BRIEF:
The entries below hold a line with "iRobot Roomba 960 Aspirateur Robot" and a line with "Wunderbare Wohnung in". Return those lines and all that lie between them, exactly and only.
*** SUPPLIED DATA ***
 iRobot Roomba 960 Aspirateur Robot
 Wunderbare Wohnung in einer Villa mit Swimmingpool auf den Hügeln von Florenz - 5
*** End of SUPPLIED DATA ***
*** SUPPLIED DATA ***
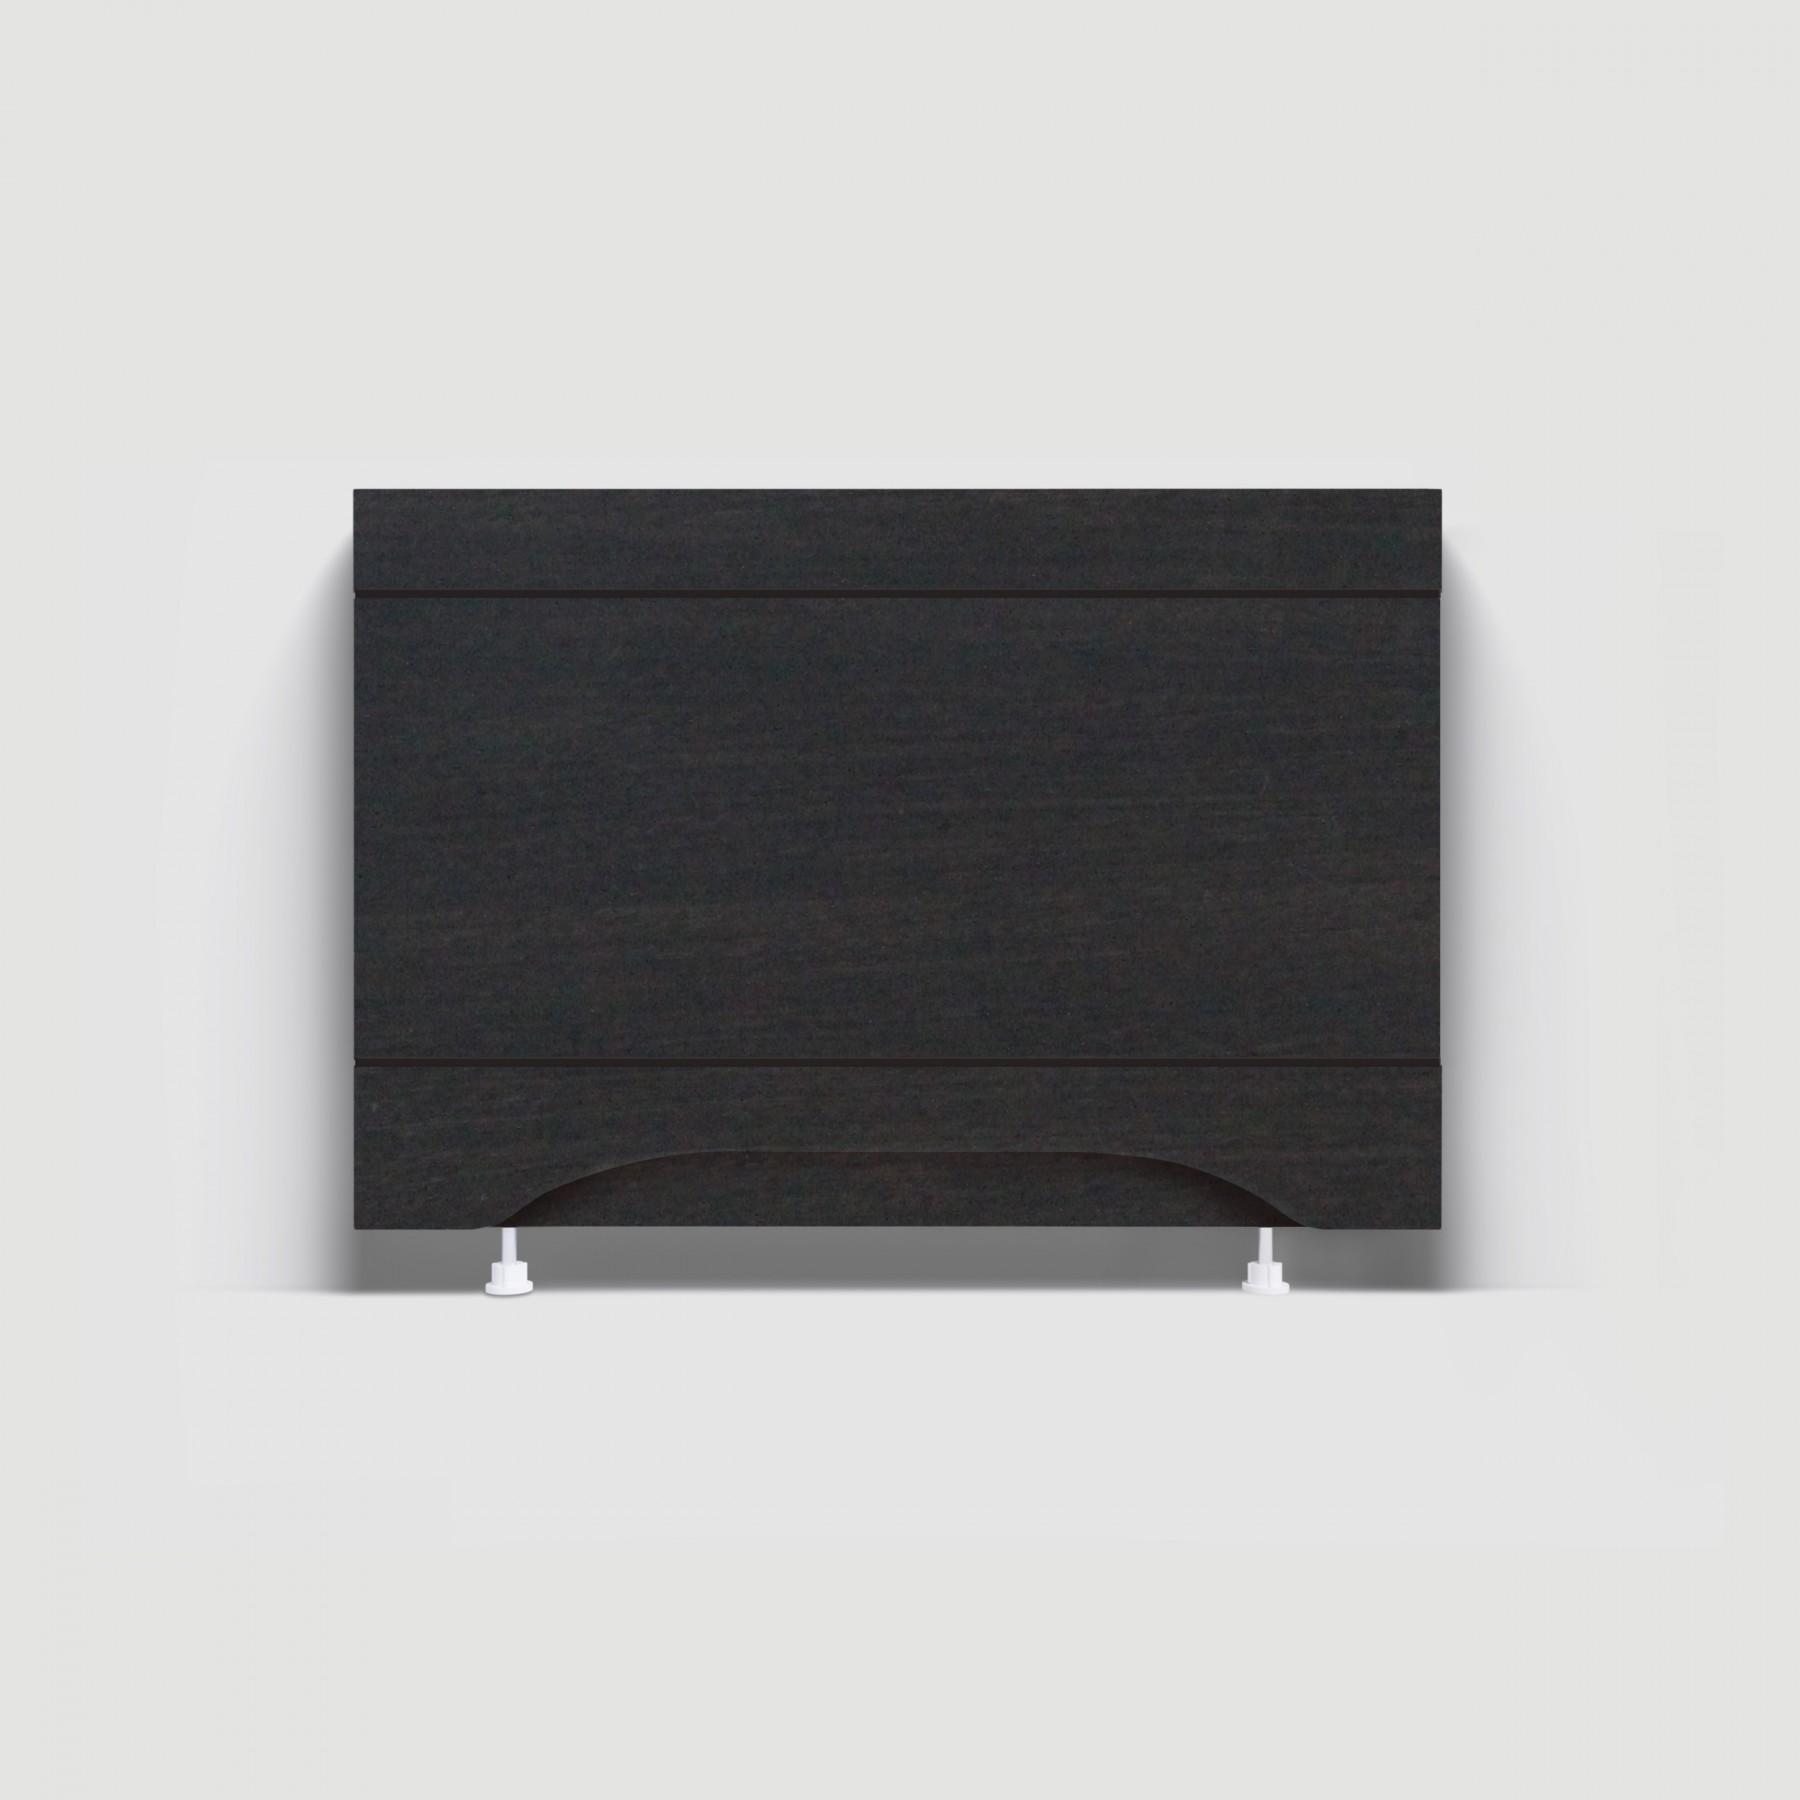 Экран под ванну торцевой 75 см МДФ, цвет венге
*** End of SUPPLIED DATA ***
FINISHED EXERCISE:
 iRobot Roomba 960 Aspirateur Robot
 Wunderbare Wohnung in einer Villa mit Swimmingpool auf den Hügeln von Florenz - 5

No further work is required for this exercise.